Dec. 18th, 2009

darthfar: (Default)
Since it's a joke among my friends that I attract minor accidents and injuries like an industrial magnet attracts large machinery, my good friend (and adopted aunt) TankMagnet sent me a Home Depot first aid kit as a joke several months back. It worked like a charm. I miraculously stopped inadvertently exsanguinating myself. (Although I still have a knack for attracting contusions - as I found out for the umpteenth time this afternoon when I was foolish enough to walk around the gym with my glasses off, and hit my head hard on the lat bar that somebody had attached to the cross-cable pull machine. BONK. Apparently, the impact sound was loud enough that heads other than mine turned).

However, it would seem that there is a Law of Conservation of Injury Proneness, as my injury tendencies have passed to my mother, because if there's anyone who has recurrently profited from TM's first aid kit, it would be she.

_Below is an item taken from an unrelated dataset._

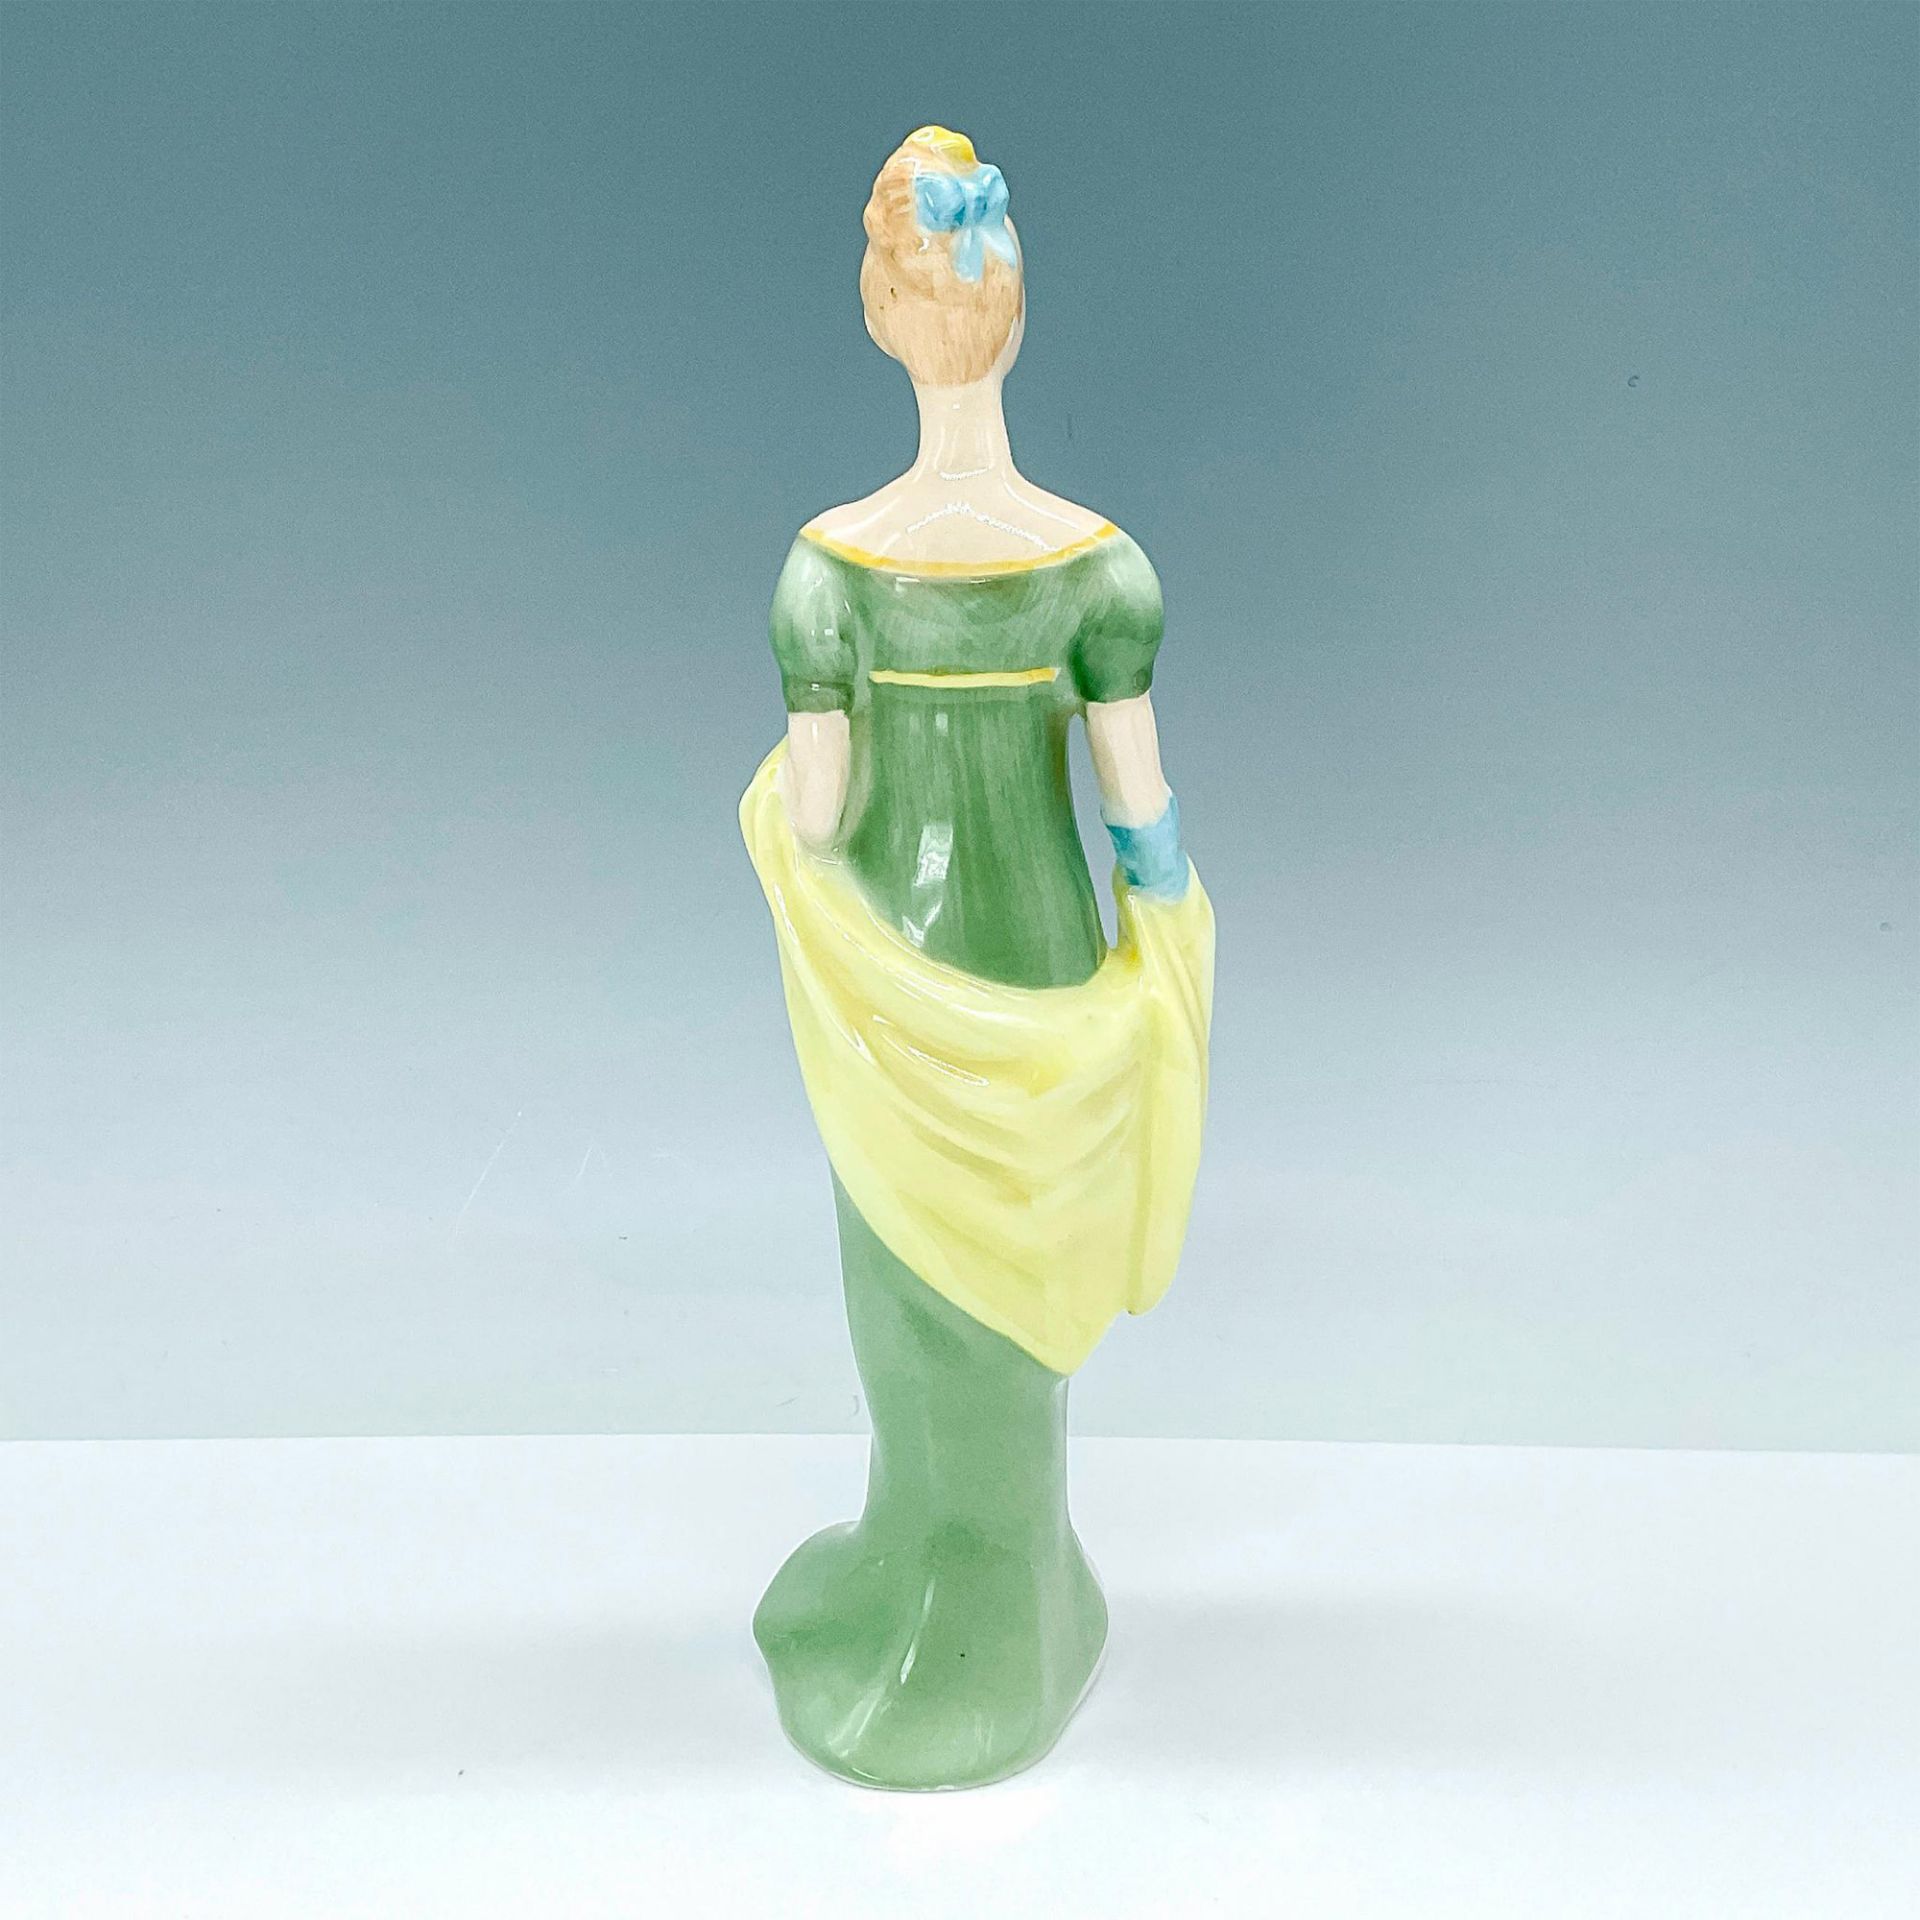 Lorna - HN2311 - Royal Doulton Figurine - Image 2 of 3

Especially tonight when, in the middle of dinner preparations, her cleaver slipped and cut up the wrong meat. Namely, a sliver of flesh off her middle finger's distal phalanx, near the nail bed. Needless to say, there was major exsanguination (and minor panic on the part of said female relative). Cue first aid kit, antiseptic cream, wads of cotton gauze, surgical tape. My mother wasn't exactly enamoured with my treatment, though: "You didn't tell me that antiseptic was gonna hurt like hell! OW! OW! OW!"  "Oh, just bear with it!" [And she had to go through a second - similar - dressing episode...] The bleeding's all but stopped now, though, so by tomorrow, all that wadding should be replaced with a band-aid.

So saith my twin: "You would have been a FANTASTIC doctor. Just, yeah. House-like. No bedside manner." AHAHAHAHAHAHAHAHAAA.